色絵幾何学文台鉢(古九谷様式)

 出土遺跡:山辺田遺跡A地点
 調査主体:有田町教育委員会



 今回ご紹介するのは、新たに山辺田遺跡で出土した古九谷様式の色絵陶片である。
 古九谷様式といえば、これまで数十年間に渡って、九谷(石川県)か肥前(有田)かで華々しく生産地論争が繰り広げられてきたが、近年では調査・研究の進展により、肥前で生産されたことが確実になってきた。最近、その根拠となる資料がまた新たに出土したため、ここでその一つをご紹介する。




                  
(内面)


 山辺田遺跡は、陶磁器工房跡と推定される遺跡で、昨年10月から今年の1月に掛けて、その一部の調査を実施した。遺跡は、山辺田(やんべた)という名前からも分かるとおり、古九谷様式の色絵素地を多量に生産したことで知られる、国指定史跡山辺田窯跡に近接した場所にある。出土した色絵陶片は全部で20数点あり、以前工事の際にも30点以上出土しているため、すでに60点ほど出土・採集されていることになる。また、山辺田窯跡でも10点ほど出土しており、山辺田窯跡関連としては合計70点ほどになる。
 この色絵陶片はそのうちの1点で、色絵古九谷に分類される大形の台鉢高台周辺部片である。破片の大きさは11cm×4cm程度で、元は口径30cm前後の製品と推定される。


                 
(外面)

 




◆ 素地の特徴


               (断面)


 素地は表面・胎土ともにやや灰色を帯び、外面胴部の高台脇に指跡が一ヶ所残っている。また、厚さ約1cmほどある底部には、高台内に窯割れが認められ、深い部分では内面から2mmほどのところにまで達している。
 高台の成形方法は、おそらく通常の皿と同様にまず高さ1cmほど削り出し、その上(下?つまり畳付に近い方)にさらに高い高台を貼り付けたものと推定される。よって、高台内面の1cmほどのところには、円圏段ができており、断面にも接合面かと思われる亀裂が見られる。

 



◆ 文様の特徴


              (内面拡大)

              (外面拡大)

 内面には、見込みに緑絵具で家屋状の文様が描かれるが、剥落しているため明確ではない。見込みの周囲には、八角形の色絵線一本とその外側に帯を巡らし、四方襷文で埋めている。この帯に塗られた色は黒っぽく変色しているが、よく観察すると元は青絵具であったことが分かる。また、口縁部は窓絵状に区画し、中を地文で埋め、その上を上絵具で塗りつぶしている。区画内の文様としては、青海波と四方襷文らしいものが確認でき、塗りつぶしている絵具は、緑と青が確認できる。
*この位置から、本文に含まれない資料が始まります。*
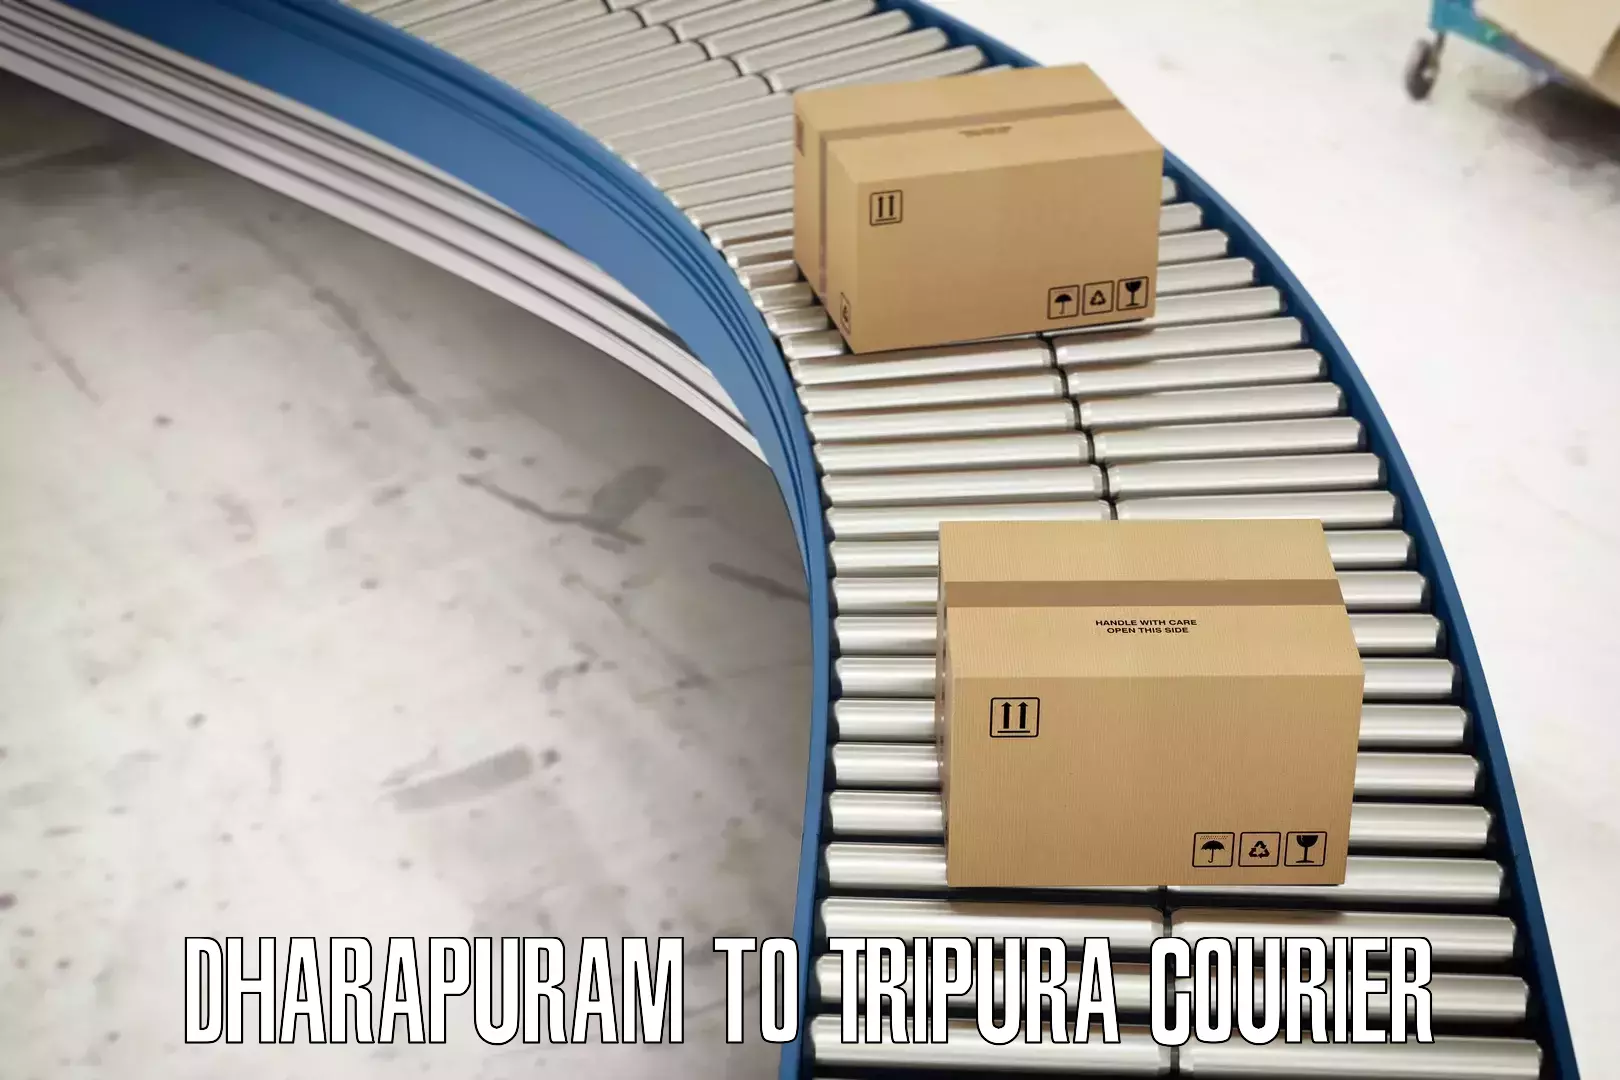 Comprehensive logistics solutions Dharapuram to Amarpur Gomati

 外面は胴部と底部の境に二重の染付圏線を巡らしており、胴部には上絵で唐草文が描かれている。この唐草文も一見黒色に見えるが、よく観察すると青色である。また、すでに上絵具が剥落しているが、左側の唐草の先端部には、花らしい文様も描かれている。高台は基部しか残っていないが、外面は黒絵具を用いた七宝繋ぎ文で埋められており、その上を黄色で塗りつぶしている。

 



  ま と め


 この陶片は素地などの特徴から見て、山辺田窯の製品と考えてまちがいない。製品の分類としては、色絵古九谷様式の中でも一般的に「幾何文手」と称されているものであり、主として内面に亀甲状の幾何学文様を描くこと、外面に青上絵具を用いた唐草文を巡らすことなどが特徴である。こうした幾何文手の台鉢は伝世品もいくつか知られているが、内外面の文様パターンや素地などはすべて今回の出土資料と類似している。よって、山辺田窯の中でも、おそらく同じ窯で生産された製品である可能性も高く、これまでの出土資料の中では、7号窯製品として紹介されているものと最も共通性が高い。生産年代としては、これまでの研究成果から1650年前後と推定される。